Этот самый Иван появился на улице неожиданно для Марии. Подошел он к кучке ребят в сопровождении своей младшей сестры и ее соседки Тони. Тоня эта как раз была влюблена в одного из тех самых парней, с которыми любила играть Мария. Собираясь на главной улице деревни (а их всего в деревне было две), ребята затевали игры, свойственные еще пока детям. Не было в них никаких намеков на страсть, которая может возникать между мужчиной и женщиной, на взрослые отношения. Это были детские игры. Зачастую народные. Если на поляне встречались ребята, то играли в лапту, на главной же улице – в камушки. Мария была подвижна, жива, интересна.

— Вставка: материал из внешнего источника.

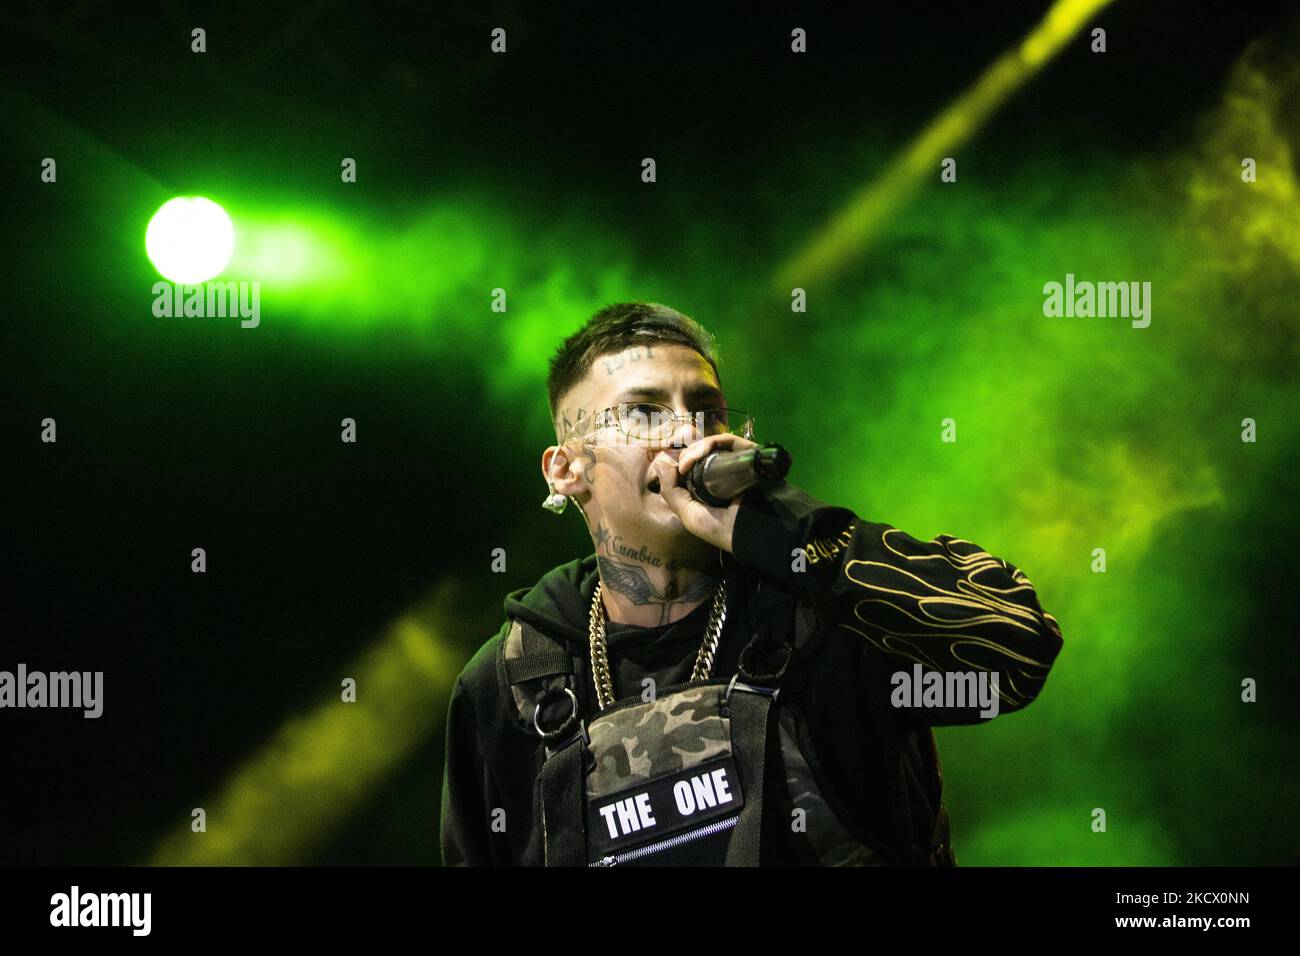 Argentine singer and songwriter Elian Valenzuela, known professionally as L-Gante Keloke, performs during a show in Buenos Aires, Argentina November 29, 2021. (Photo by Matías Baglietto/NurPhoto) Stock Photo

Но дети переставали быть детьми и, знакомые давно, начинали уже друг друга стесняться. Смотрели друг на друга иначе. Глаза их загорались неким неизвестным доселе огнем. Их тянуло друг к другу, это было непривычно и страшно. Что с этим делать, они не знали и были наивны. Когда тот же приятель Тони гнался за Марией, играя в казаки-разбойники, его взгляд уже пленен был прекрасными линиями ее убегающей фигуры. Но Мария была резвой девчонкой: редко кому удавалось догнать ее. Впрочем, если только сама она не захотела бы того. Неприятно было за всем этим наблюдать тем деревенским девушкам, что не участвовали. А Тоня была из всех неучаствующих самая вредная. Она горела желаньем, глядя на бегущую пару, не просто отомстить сопернице, она хотела заставить ее, ненавистную, страдать.

Мир детей очень жесток. Порою более жесток, чем мир взрослых. Дети и подростки способны вовсе не знать жалости.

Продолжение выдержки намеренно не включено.